* **Task brief**
Set down each line from the line holding "All 4 styles" to the last line of the entries below, exactly, with both ends included and without pictures.

* **Data extract**
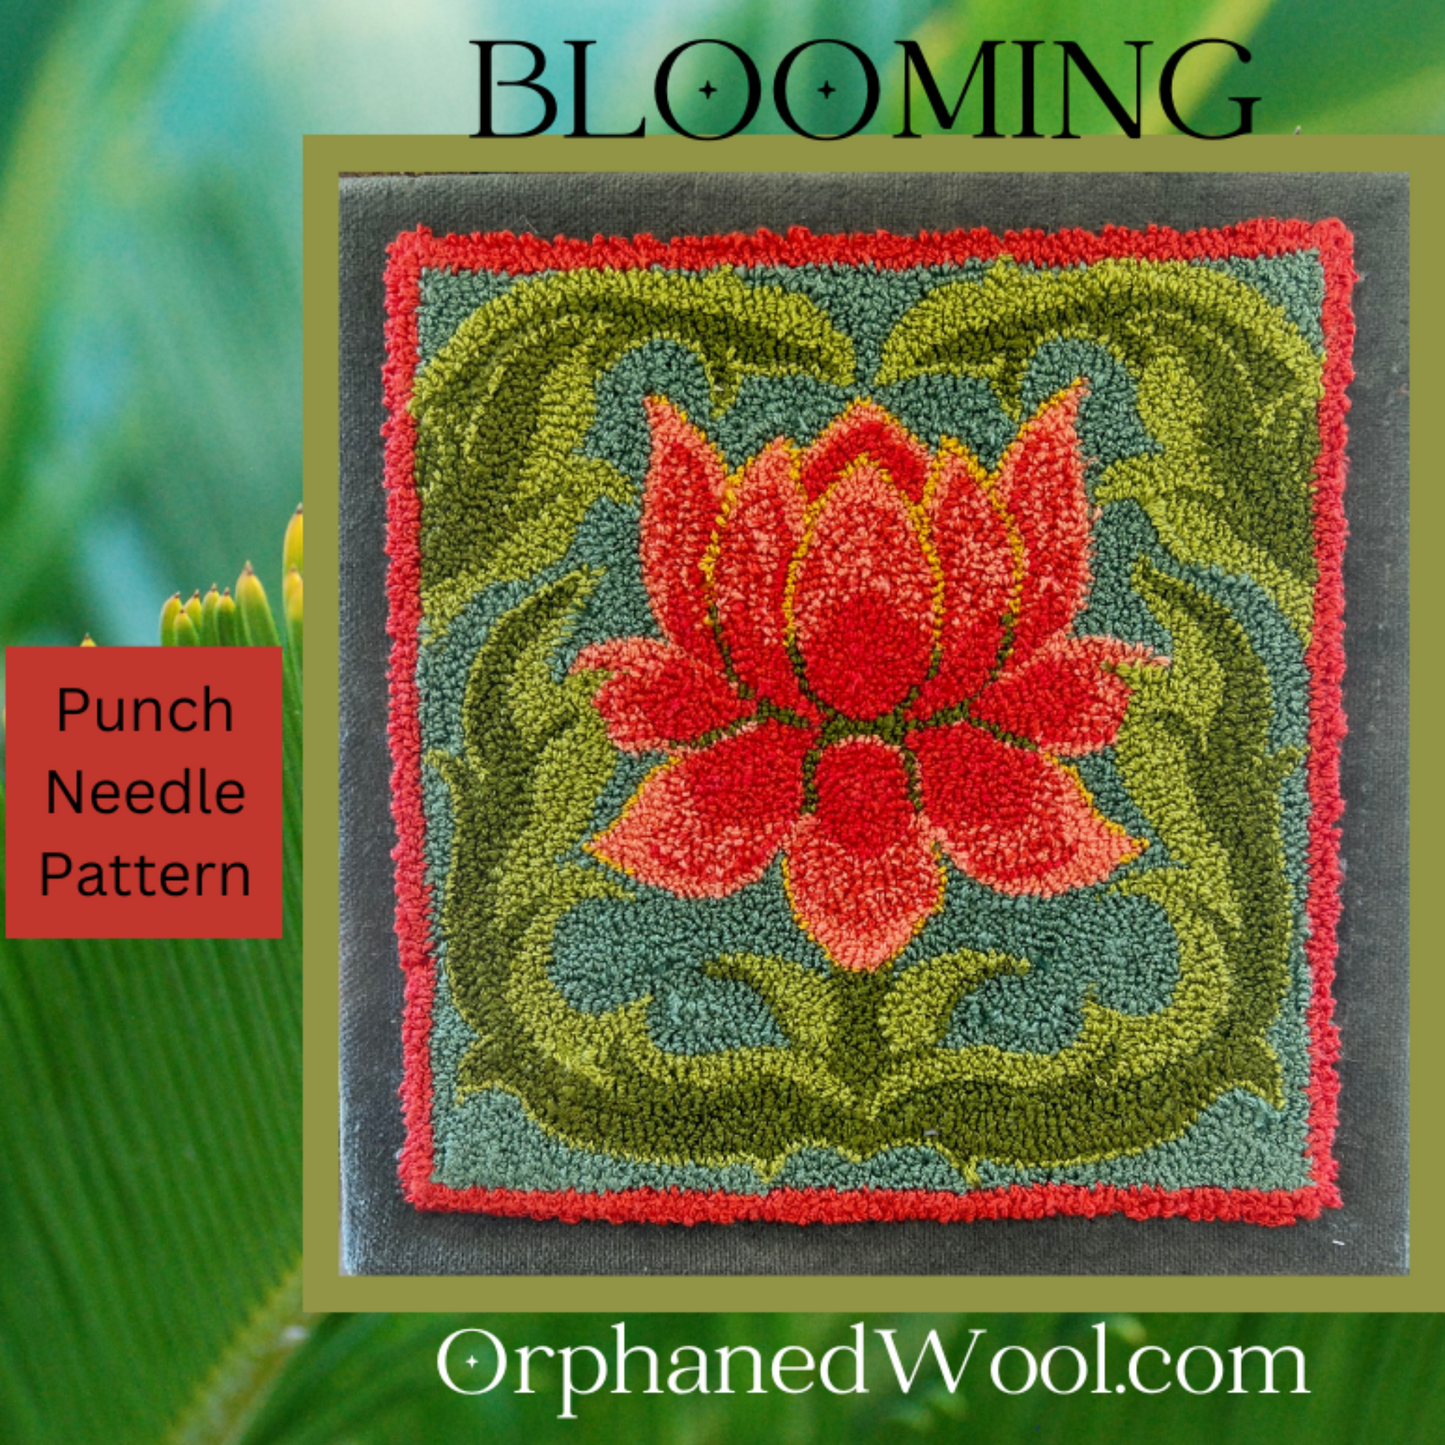  Blooming -PDF Digital Download Punch Needle Pattern by Orphaned Wool. This is a 4 page digital download floral pattern, Copyright 2023 Kelly Kanyok / Orphaned Wool. Enjoy creating this lovely and useful pattern into a wonderful key or jewelry hanger design. Created using DMC floss and a Punch Needle. The perfect beginners project to get you started in this wonderful art form.
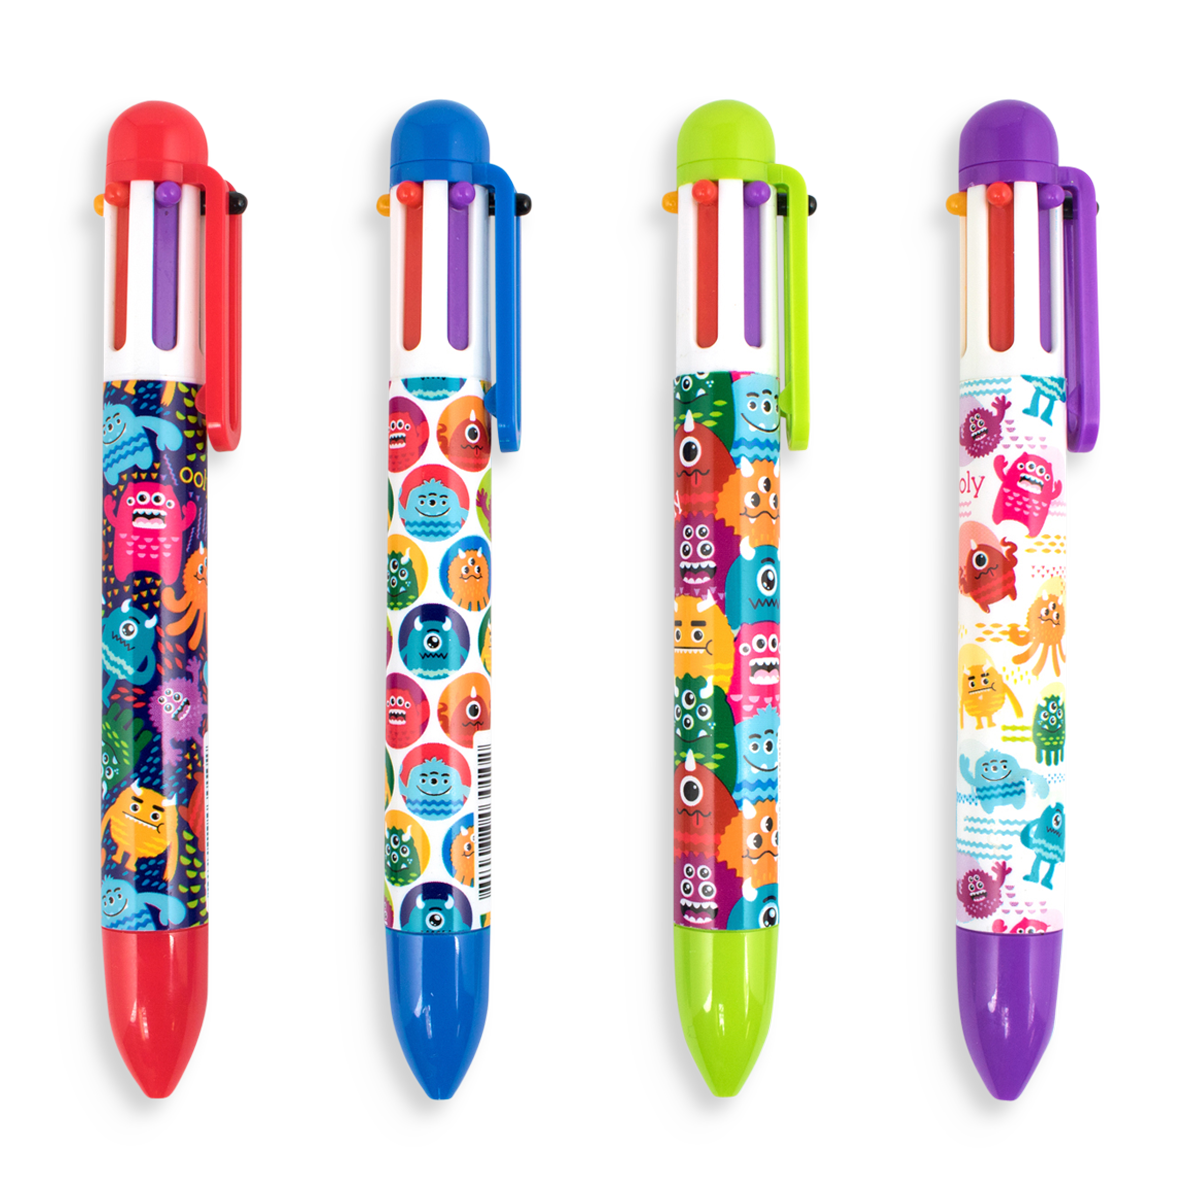 All 4 styles of the Monster 6 Click multi color pens
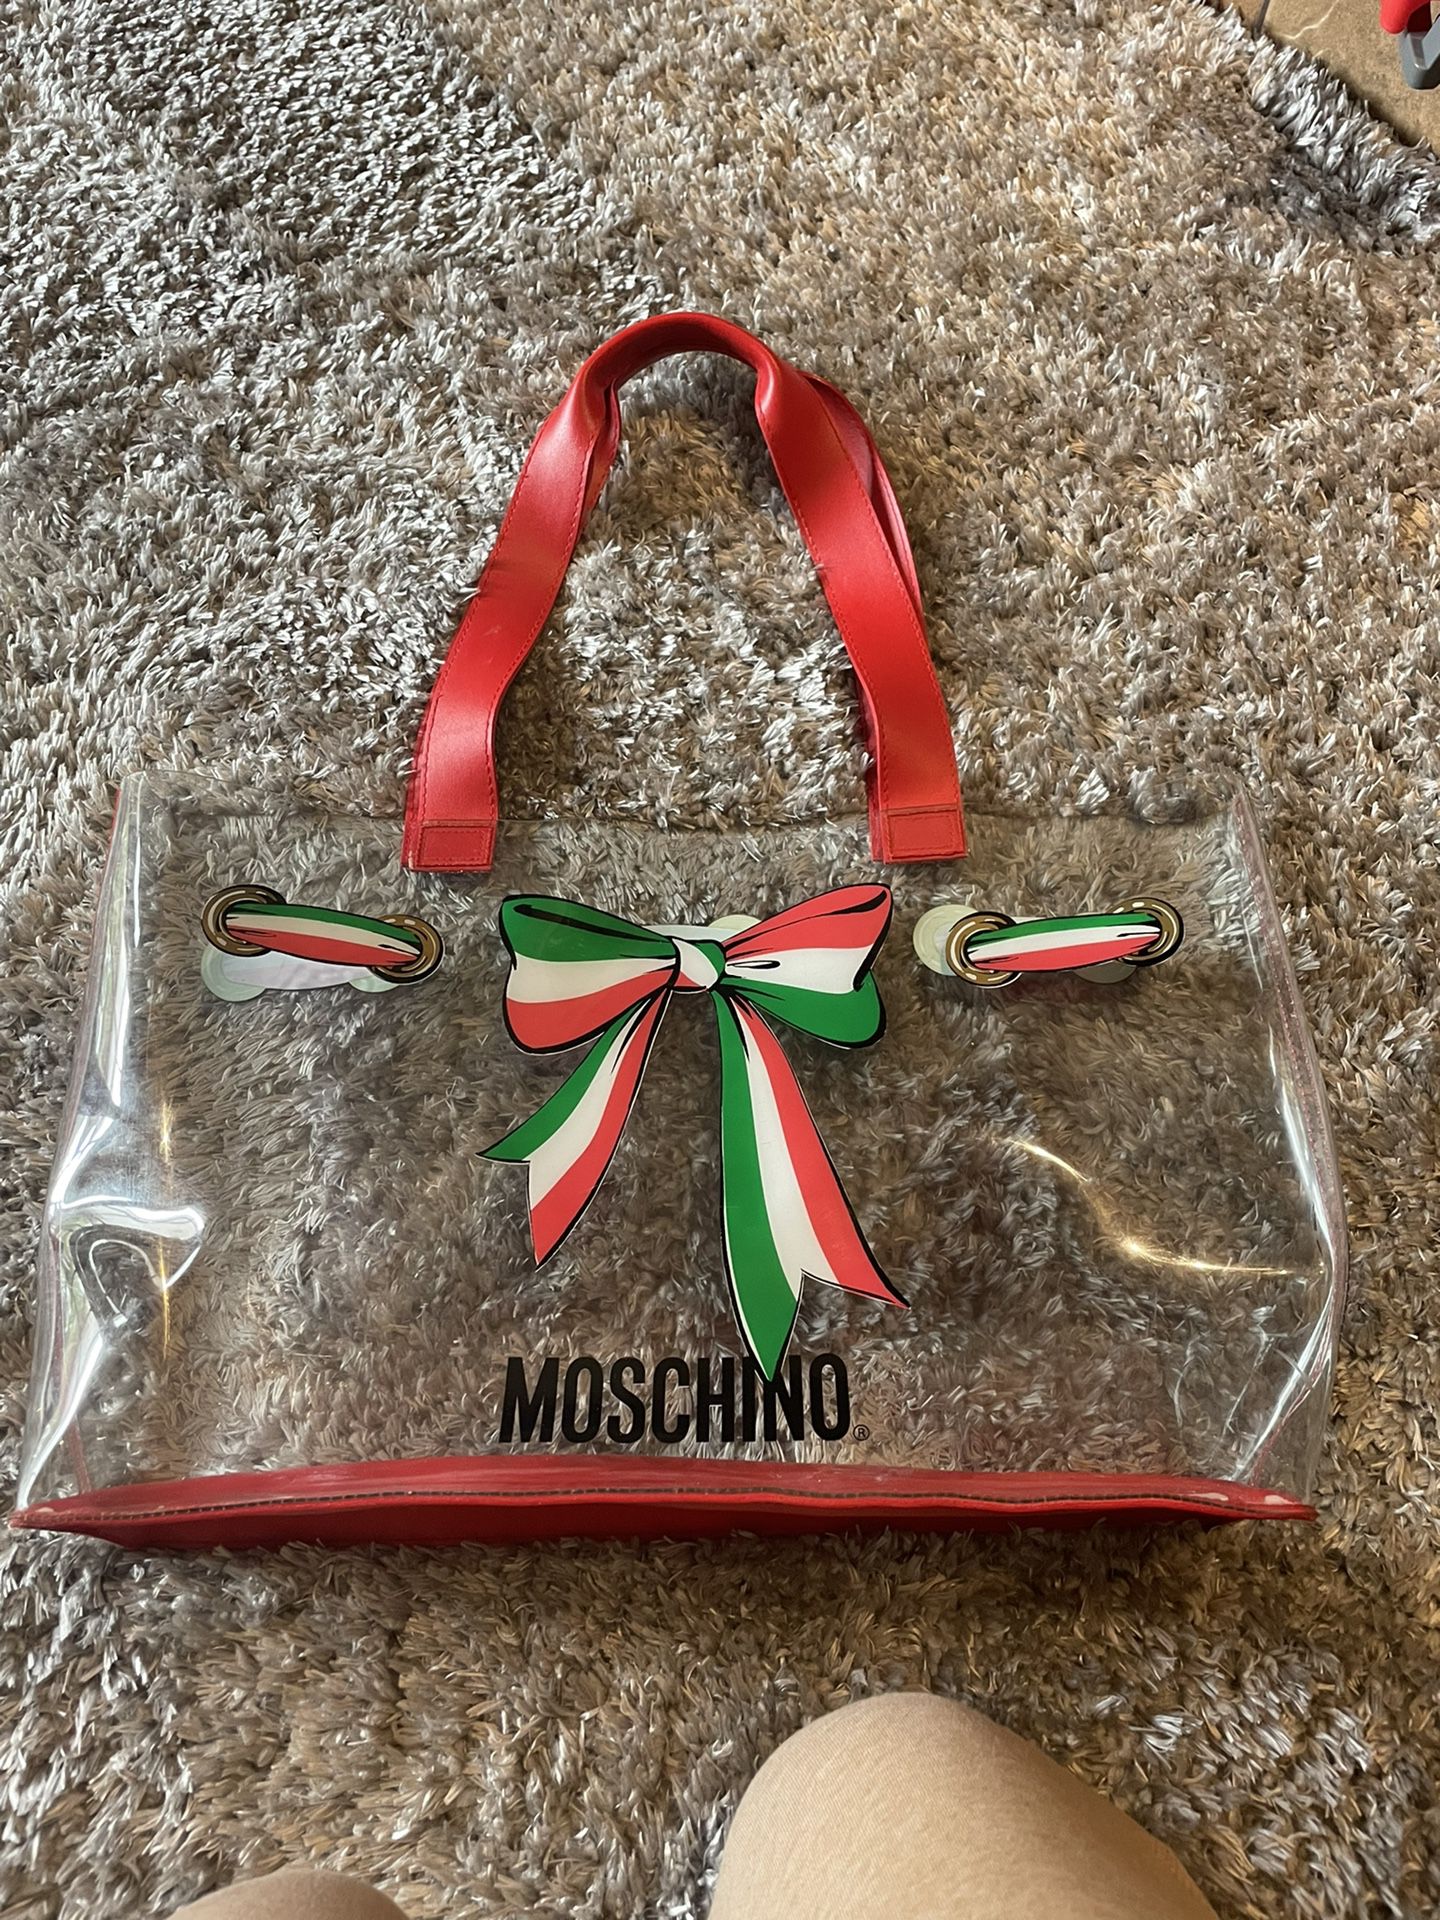 Vintage 1990s Moschino Italian Clear Tote Bag
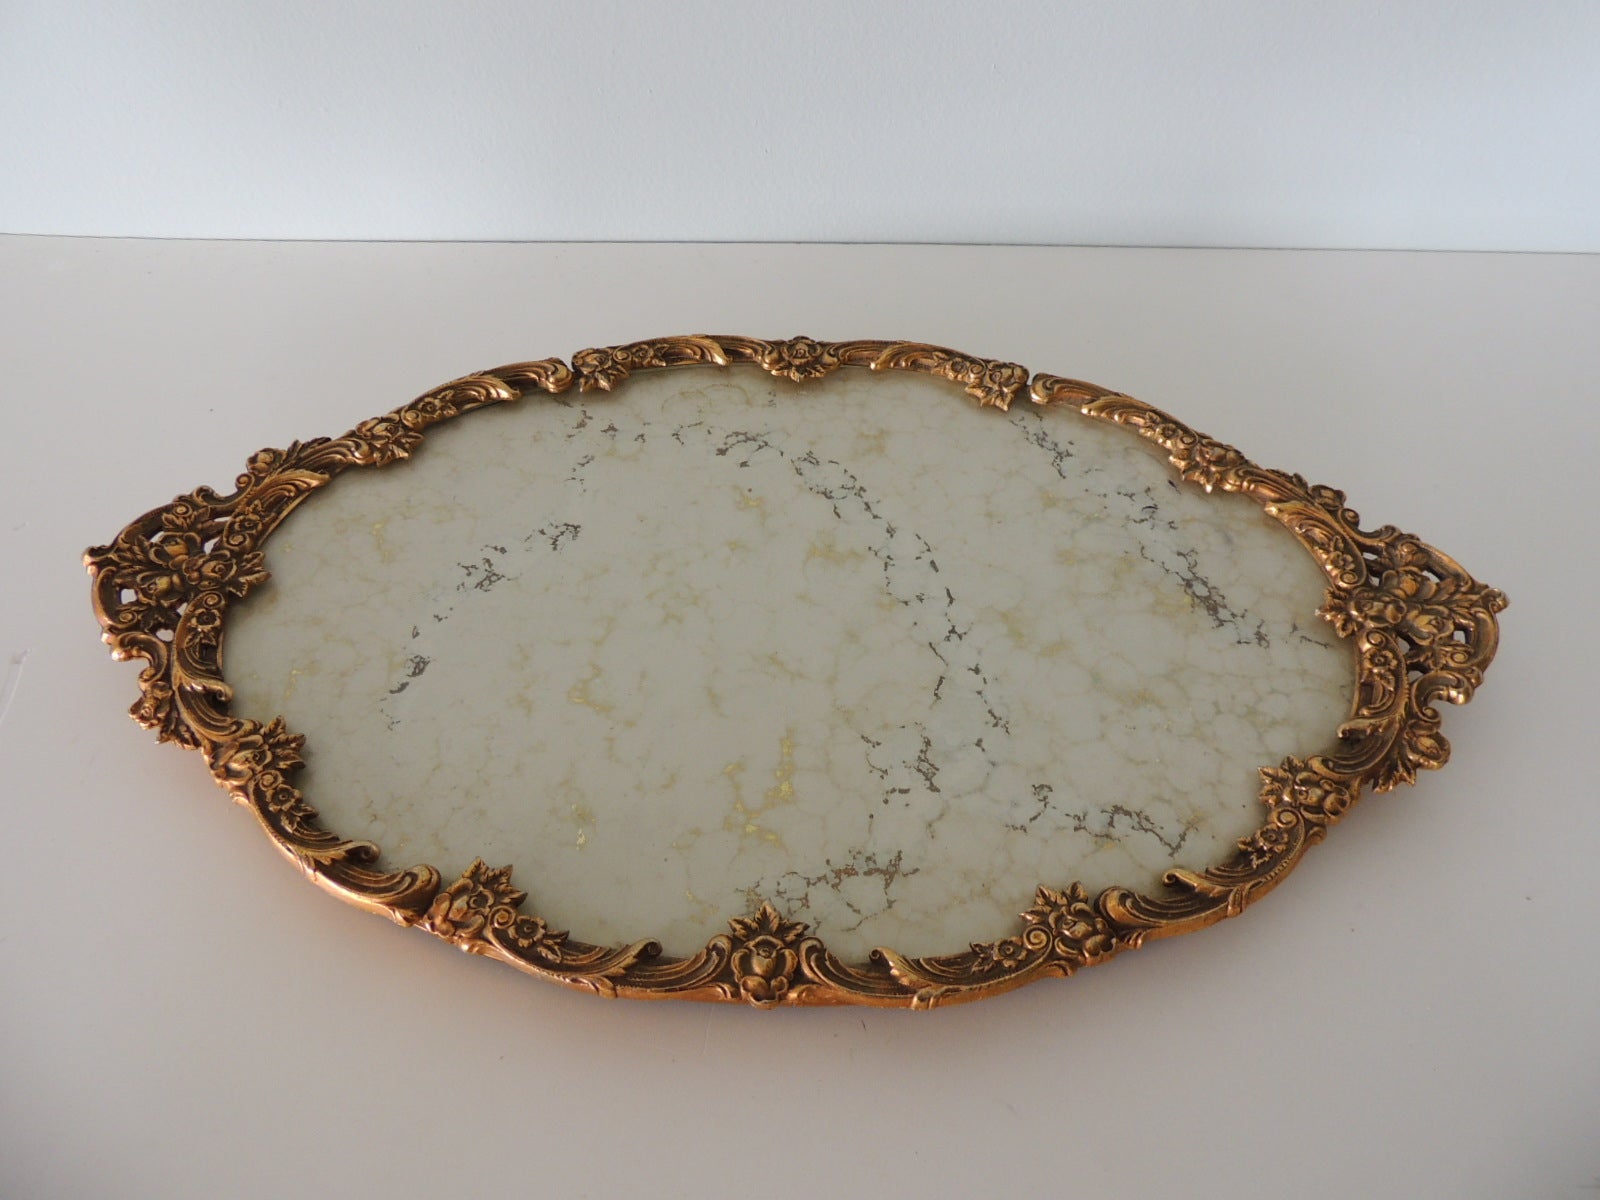 Large Vintage Filigree Gold Frame Decorative Oval Vanity Tray.
Milk glass effect and gold reversed paint aka

* **Written response**
 All 4 styles of the Monster 6 Click multi color pens
 Vintage 1990s Moschino Italian Clear Tote Bag
 Large Vintage Filigree Gold Frame Decorative Oval Vanity Tray.
Milk glass effect and gold reversed paint aka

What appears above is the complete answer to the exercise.